THE DATA
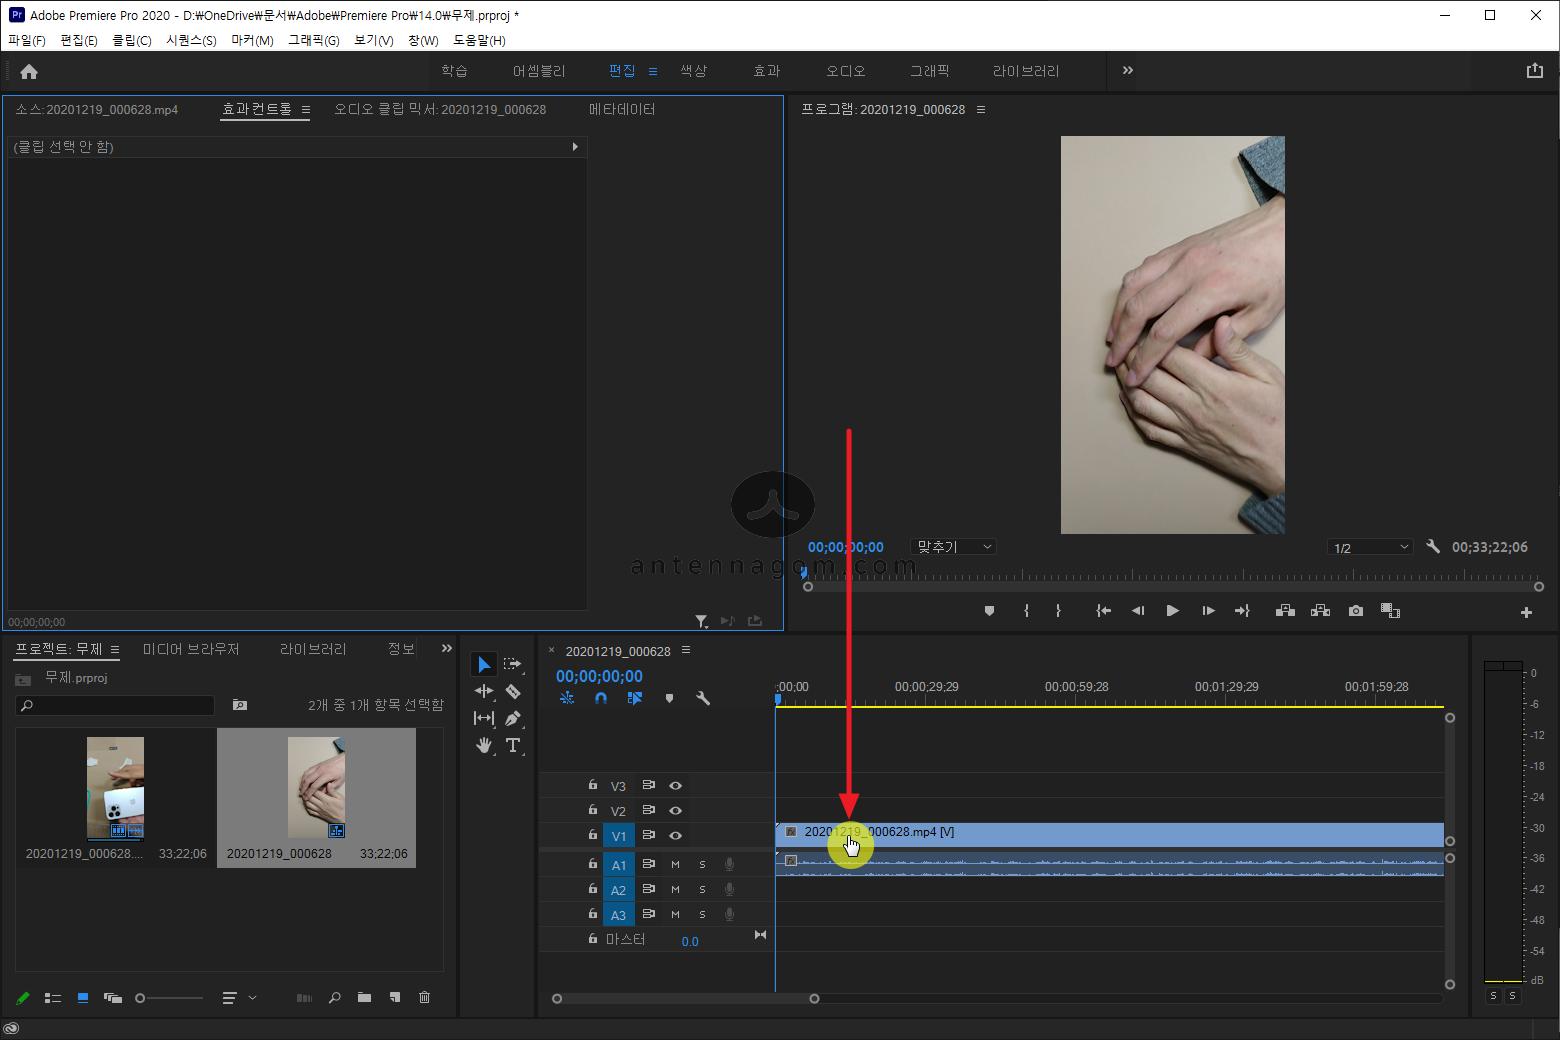 타임라인에 삽입된 동영상 클릭
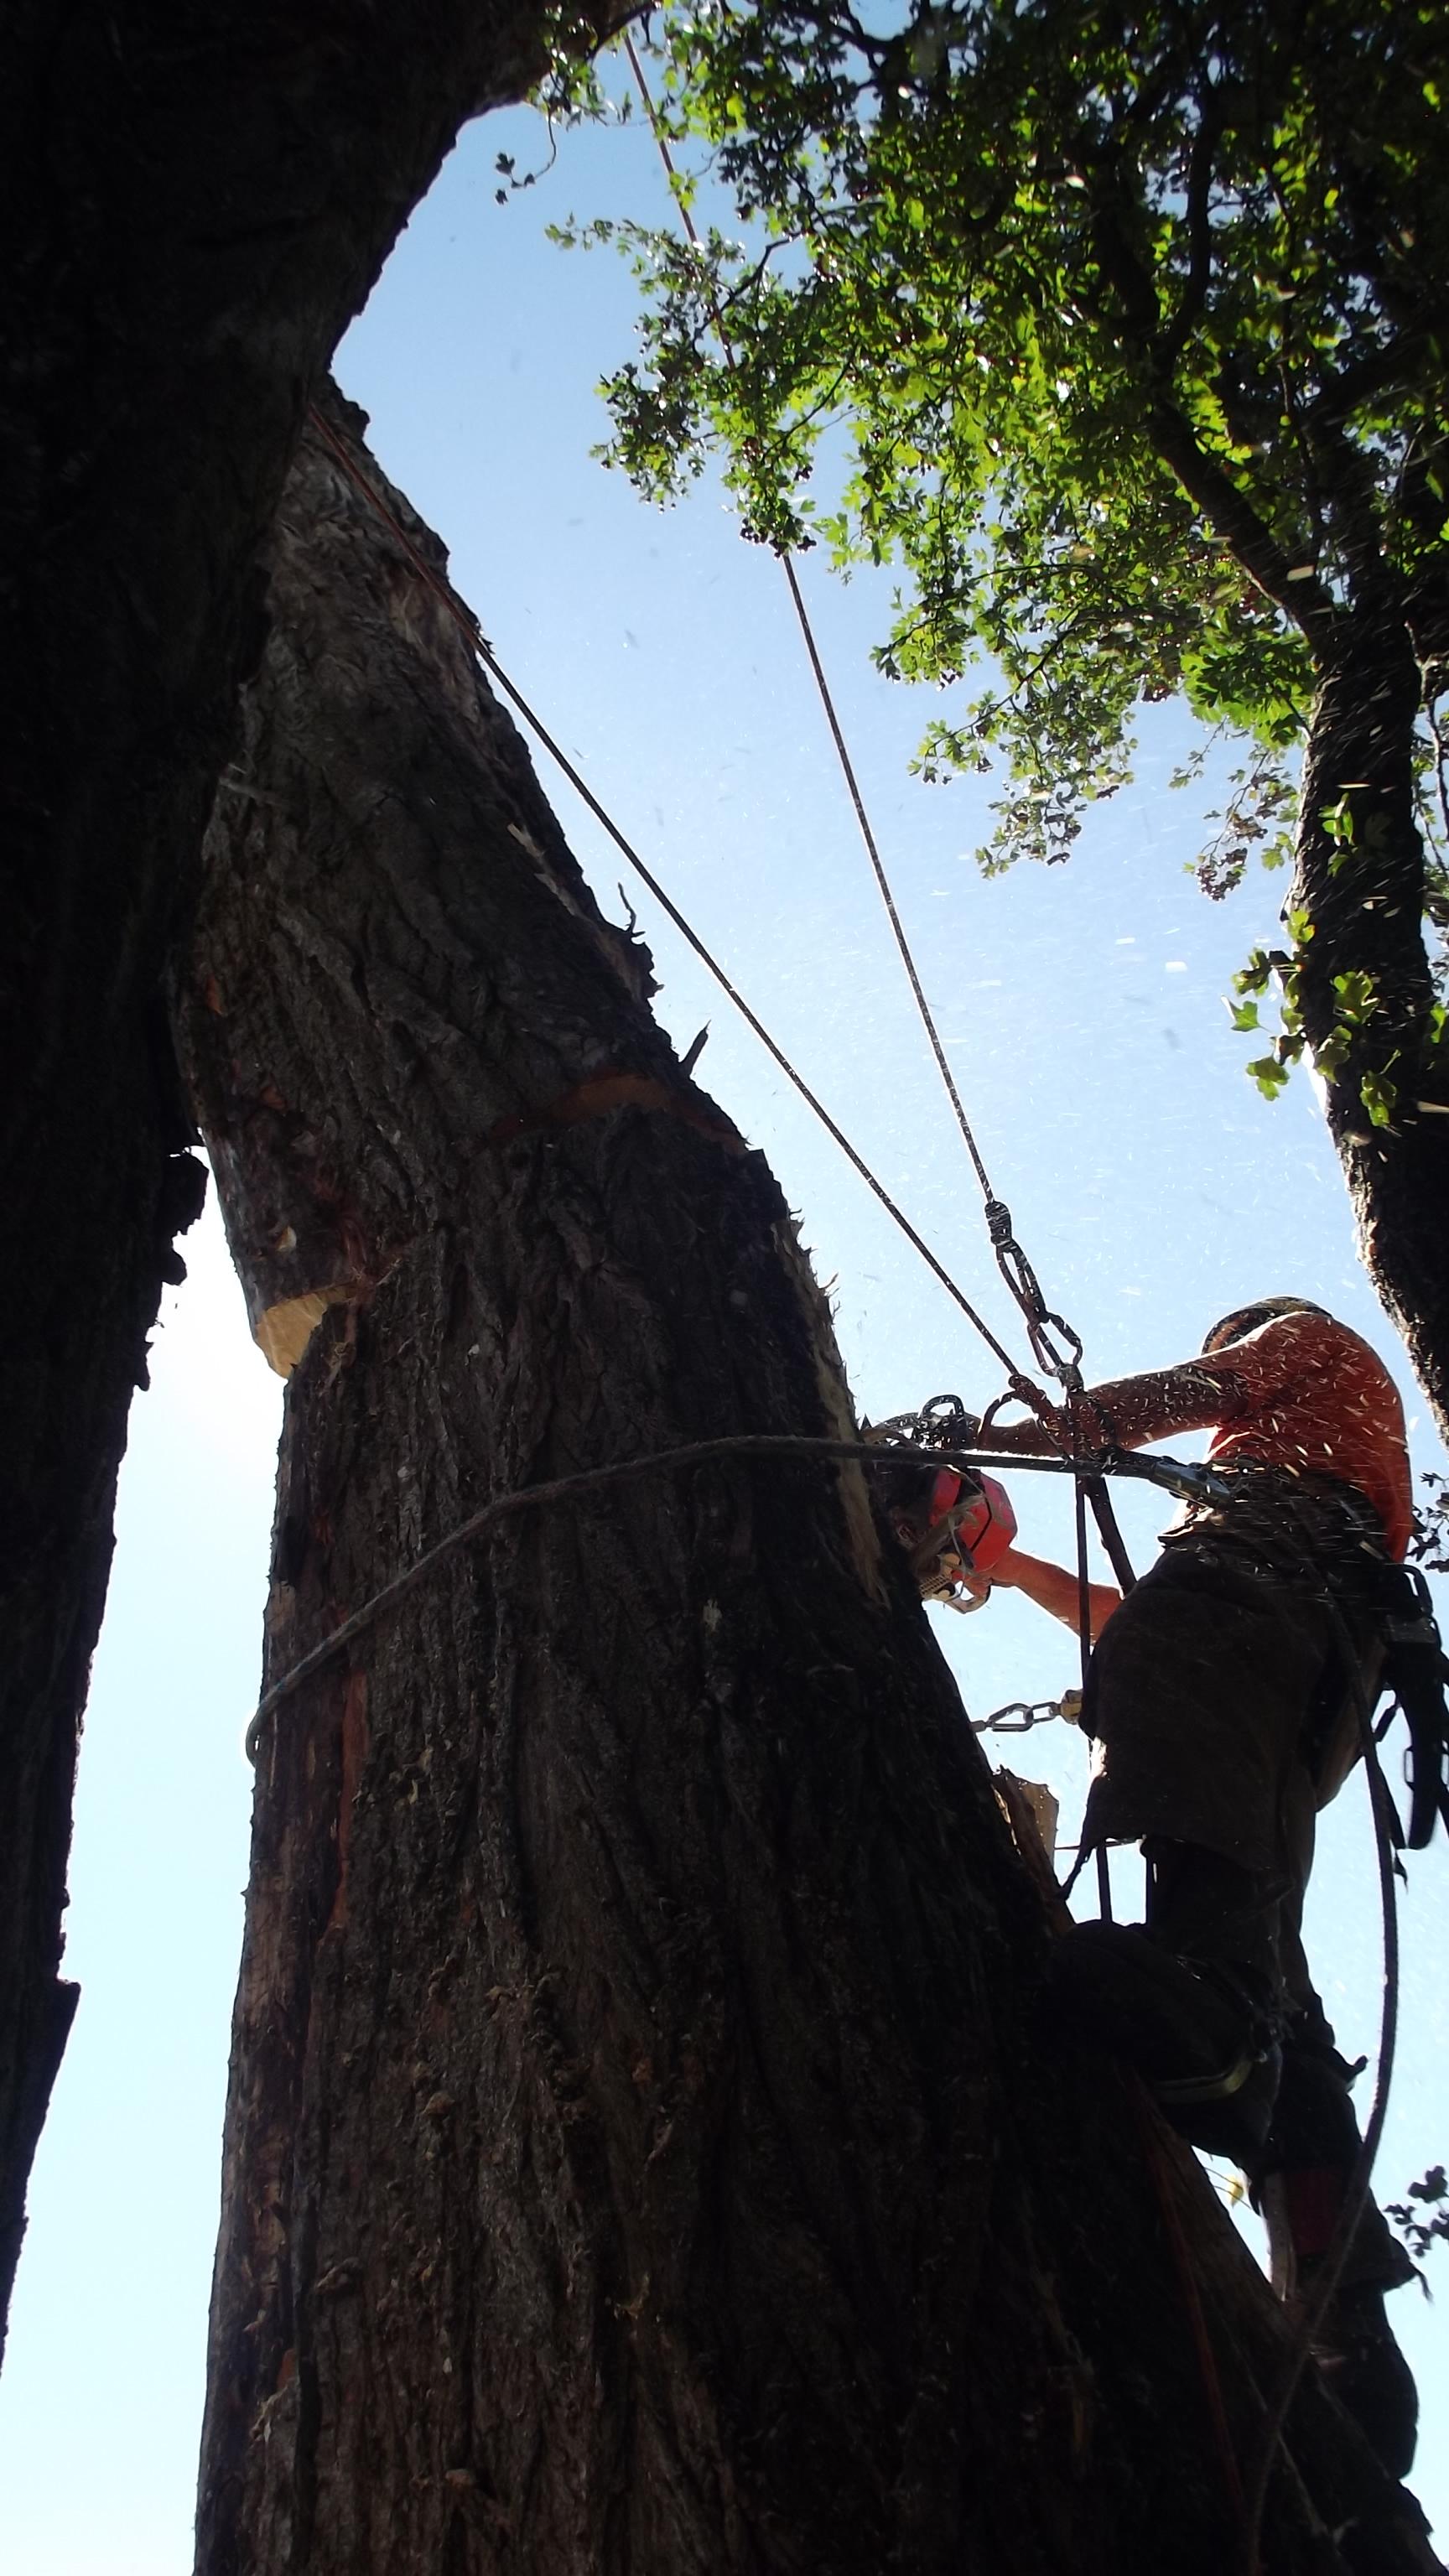 Felling Large Dead Poplar
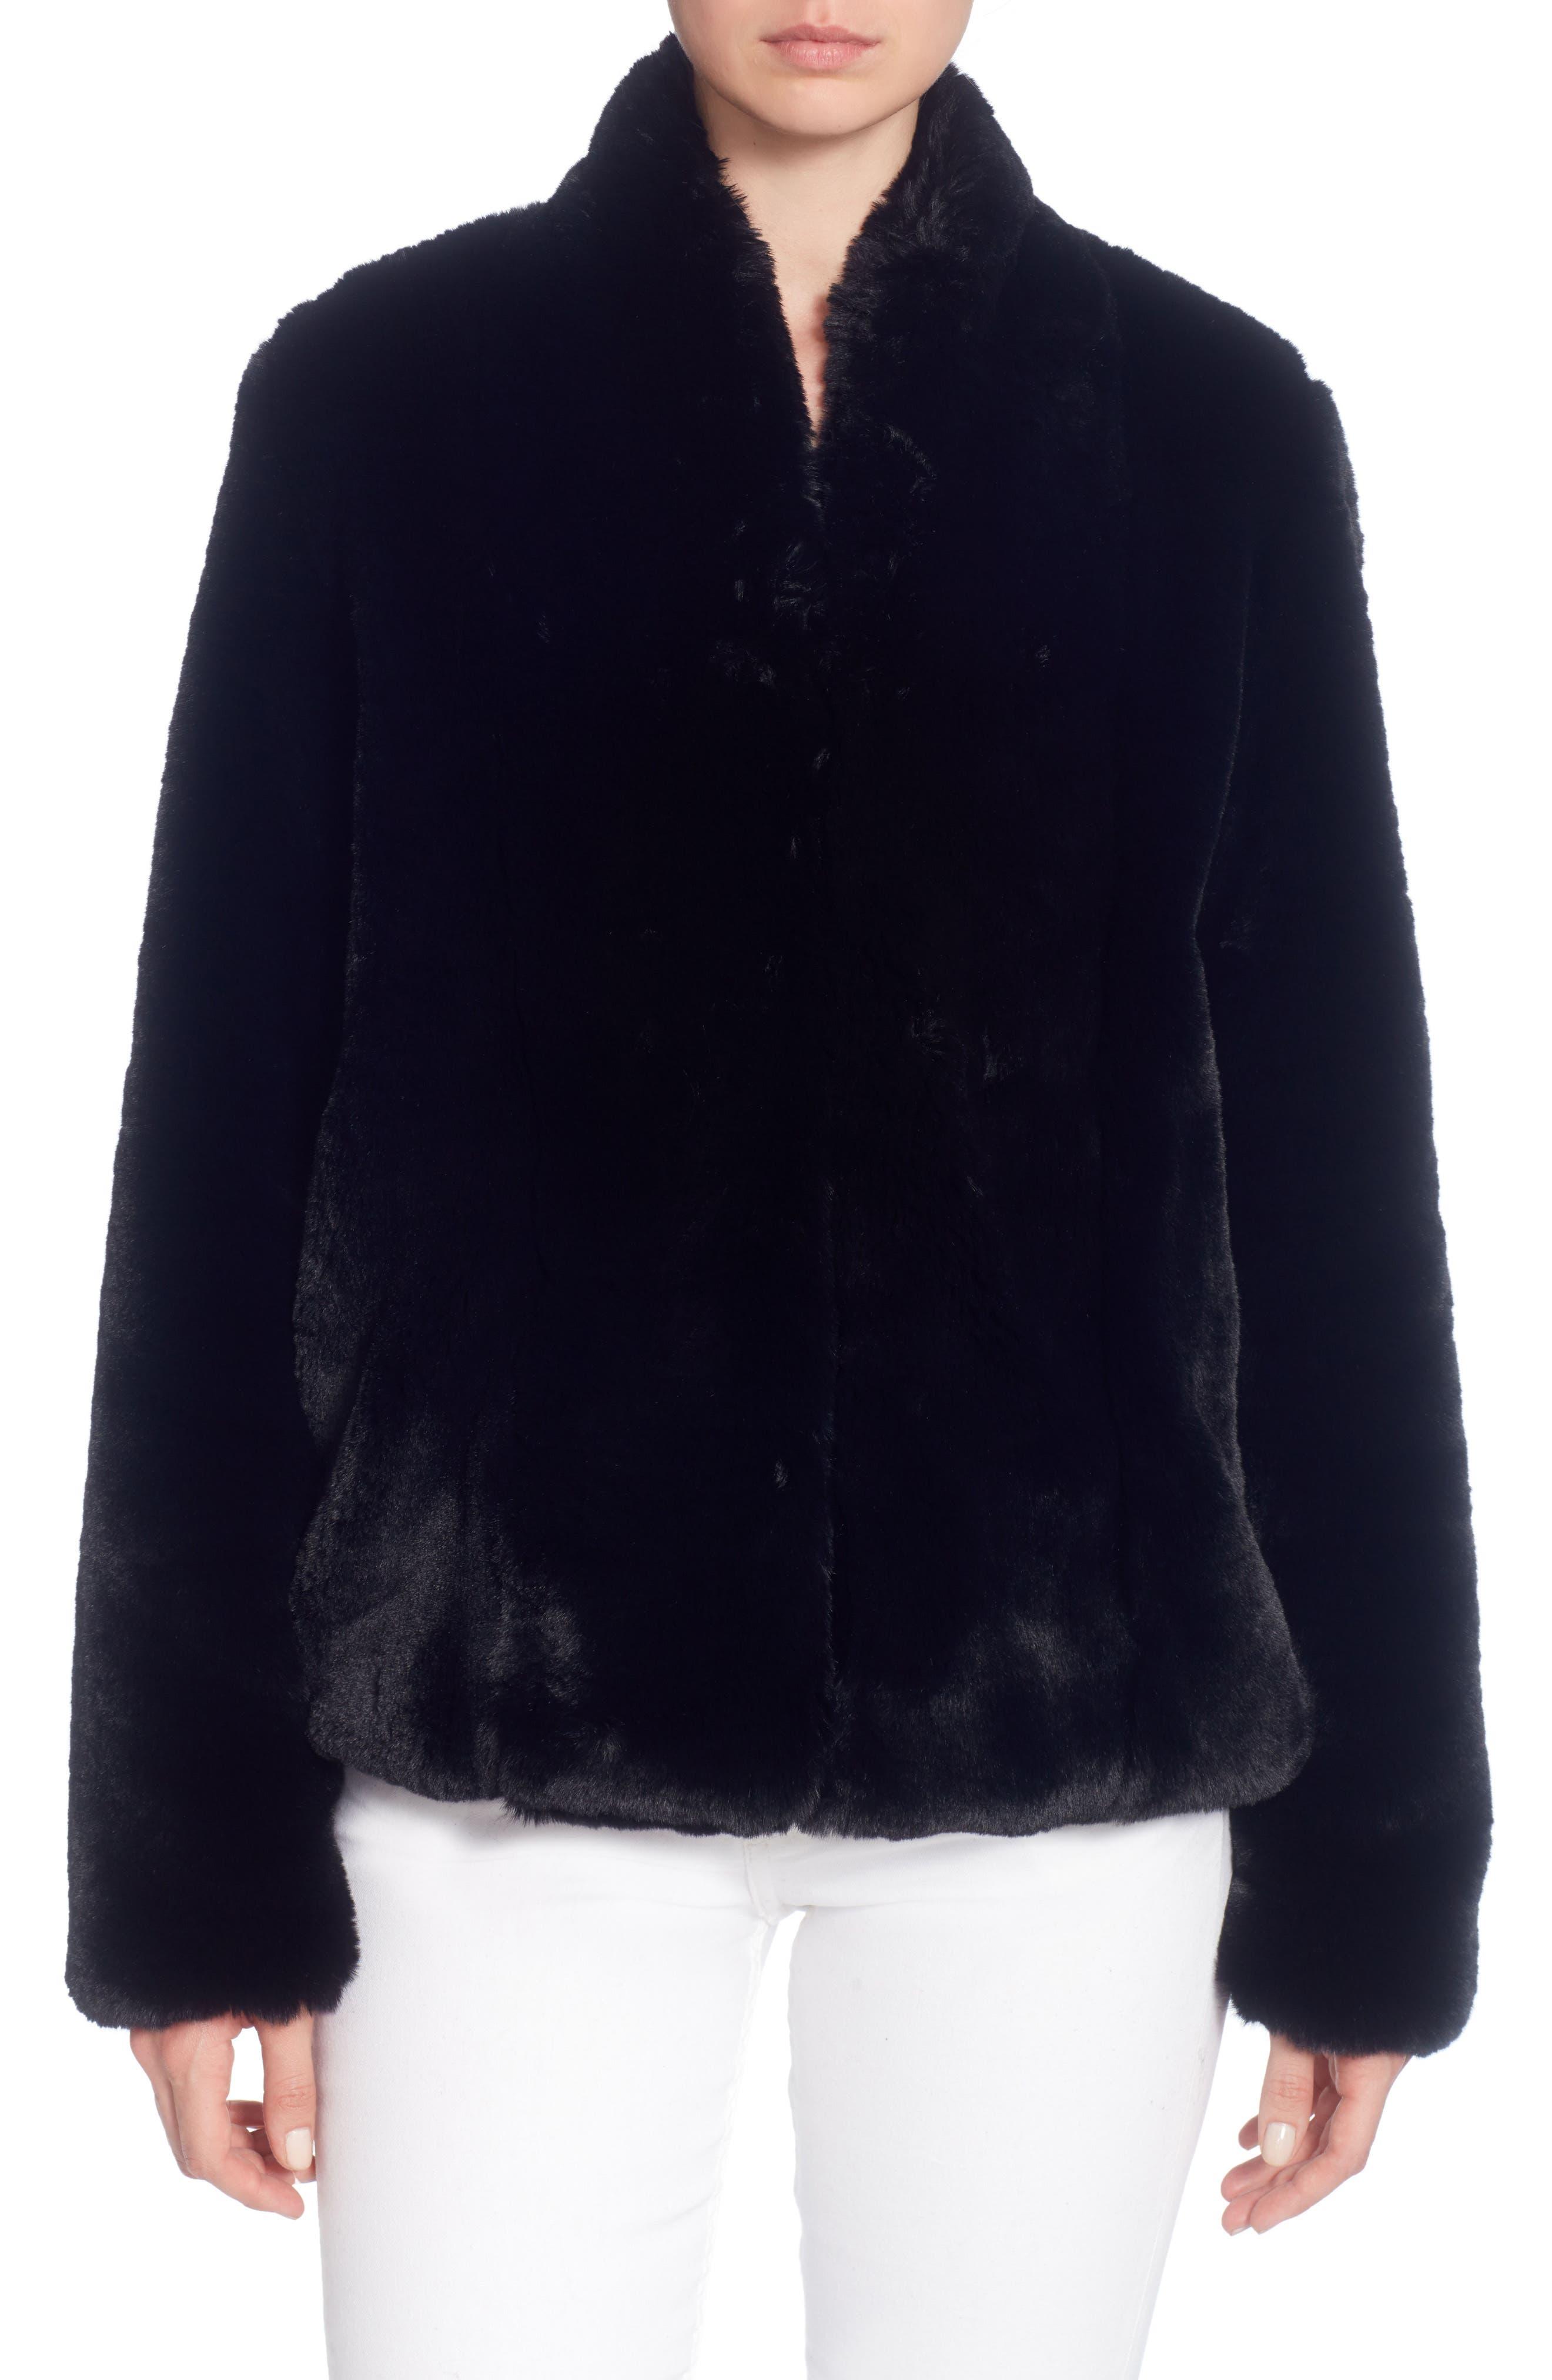 Catherine Catherine Malandrino Faux Fur Jacket

ASSIGNED TASK
Would you output the data above exactly as written, but with no images?

RESULT OF THE EXERCISE
 타임라인에 삽입된 동영상 클릭
 Felling Large Dead Poplar
 Catherine Catherine Malandrino Faux Fur Jacket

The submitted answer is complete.